За четверть часа до первой вечерней панихиды покойник был переложен в белый глазетовый гроб (по третьему разряду) какими-то довольно жалкого вида, плохо одетыми и с испитыми лицами людьми, от которых разило водкой, — под наблюдением агента бюро похоронных процессий, молодого человека в приличном черном пальто и с цилиндром в изогнутой не без претензии на изящество грязноватой руке с поддельным брильянтом, с бритым веснушчатым, веселым и плутоватым лицом, которое тотчас же приняло серьезно-торжественное выражение, как только агент увидал в полутемной маленькой и холодной часовне, освещенной лишь несколькими восковыми свечами паникадила, за свечкой у большого, во всю половину стены, образа спасителя, — Леонтьеву, Ордынцева, Скурагина и трех артиллерийских офицеров, товарищей покойного, напрасно старавшихся быть печальными.
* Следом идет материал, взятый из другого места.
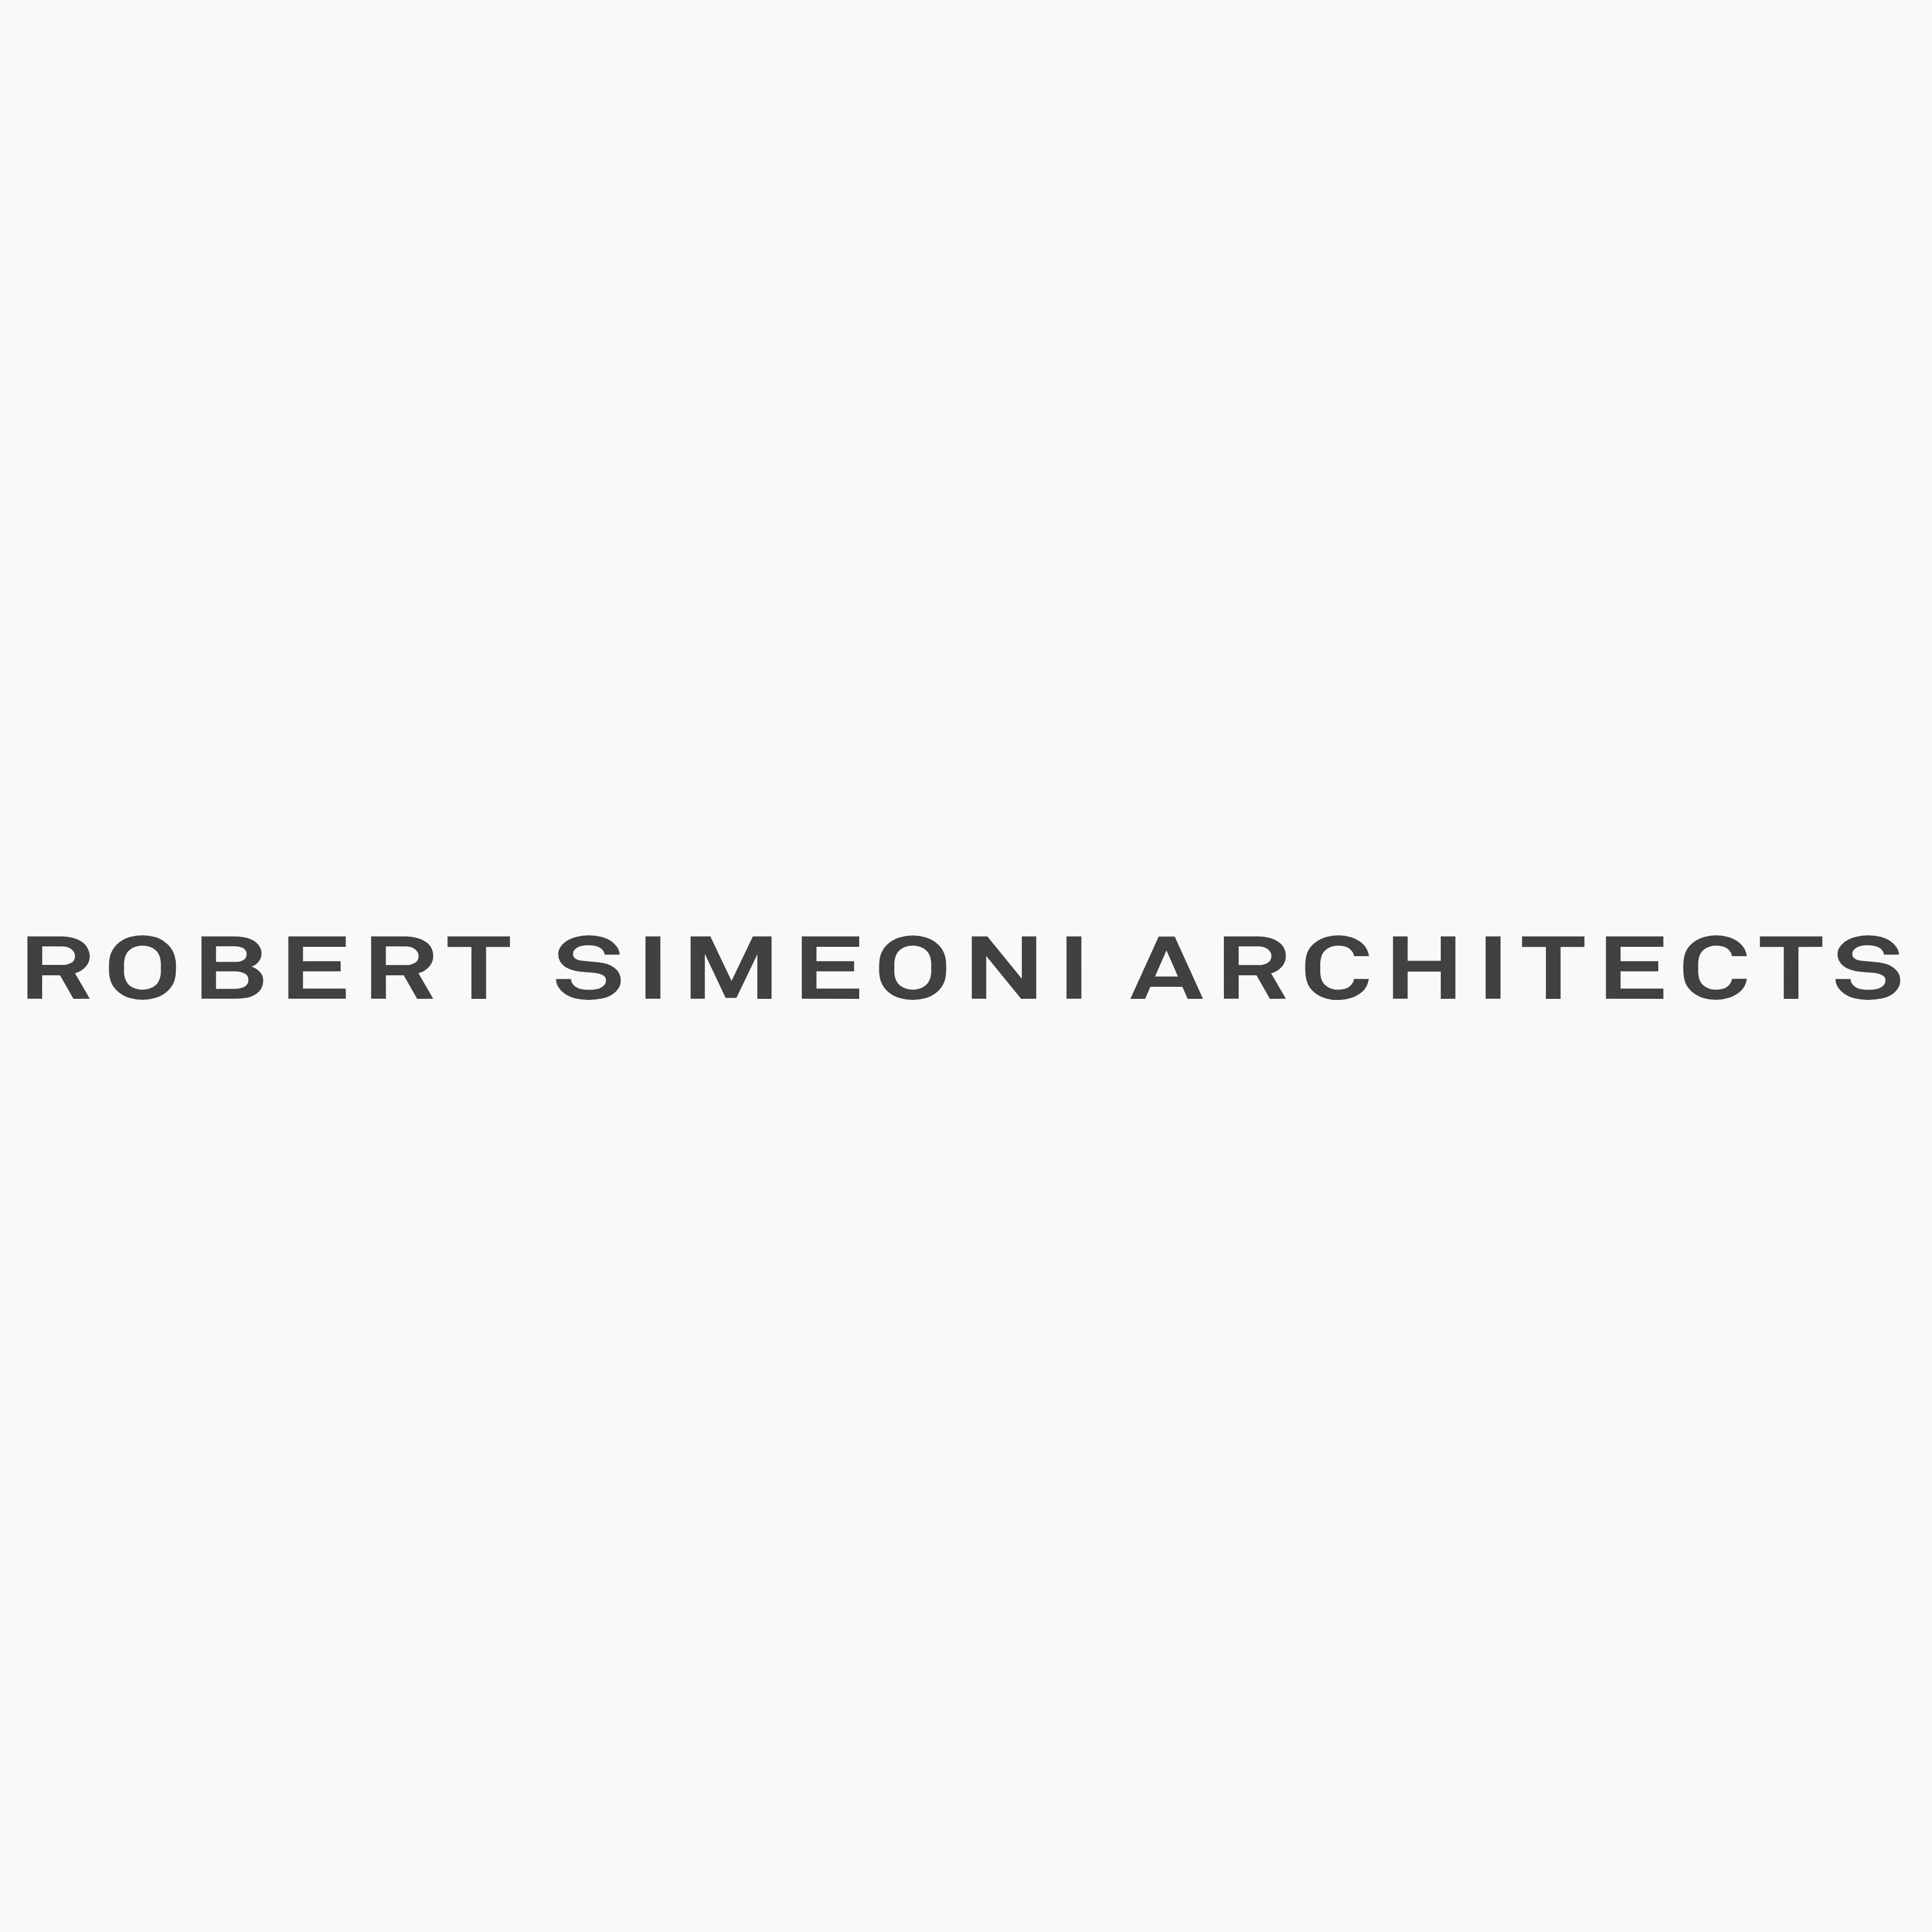 Robert Simeoni Architects

Хотя они и любили Горского и жалели его, но все трое были так молоды, так жизнерадостны, что вид покойного не мешал им, после двух-трех минут воспоминаний о нем, тихо и сдерживая из приличия веселость, говорить о журфиксе у какой-то интересной барыни, куда они должны были ехать с панихиды и рассказать, между прочим, о романической причине смерти Горского.
Когда гроб поставили на катафалк и лица, перекладывавшие покойника, вышли, не зная, к кому из присутствовавших обратиться с просьбой на чай, — две сестры милосердия, ухаживавшие во время болезни за Горским, поднялись к гробу и, перекрестившись, заботливо и старательно, с бесстрастно-покорными лицами, занялись покойником, чтобы устроить и его и всю обстановку у гроба как можно лучше и порядливее.
Они выровняли покров, расправили его кисти, вложили в желто-восковые руки с отросшими вялыми ногтями на плоских пальцах почерневших конечностей небольшой образок, переданный им Леонтьевой, осторожно, с какою-то особенной почтительностью приподняли и положили на середину подушки сплюснутую у висков голову и, оглядев, все ли в порядке, хорошо ли лежит покойник, снова перекрестились и, сойдя с возвышения, бесшумно отошли к стене, чтобы остаться на панихиде.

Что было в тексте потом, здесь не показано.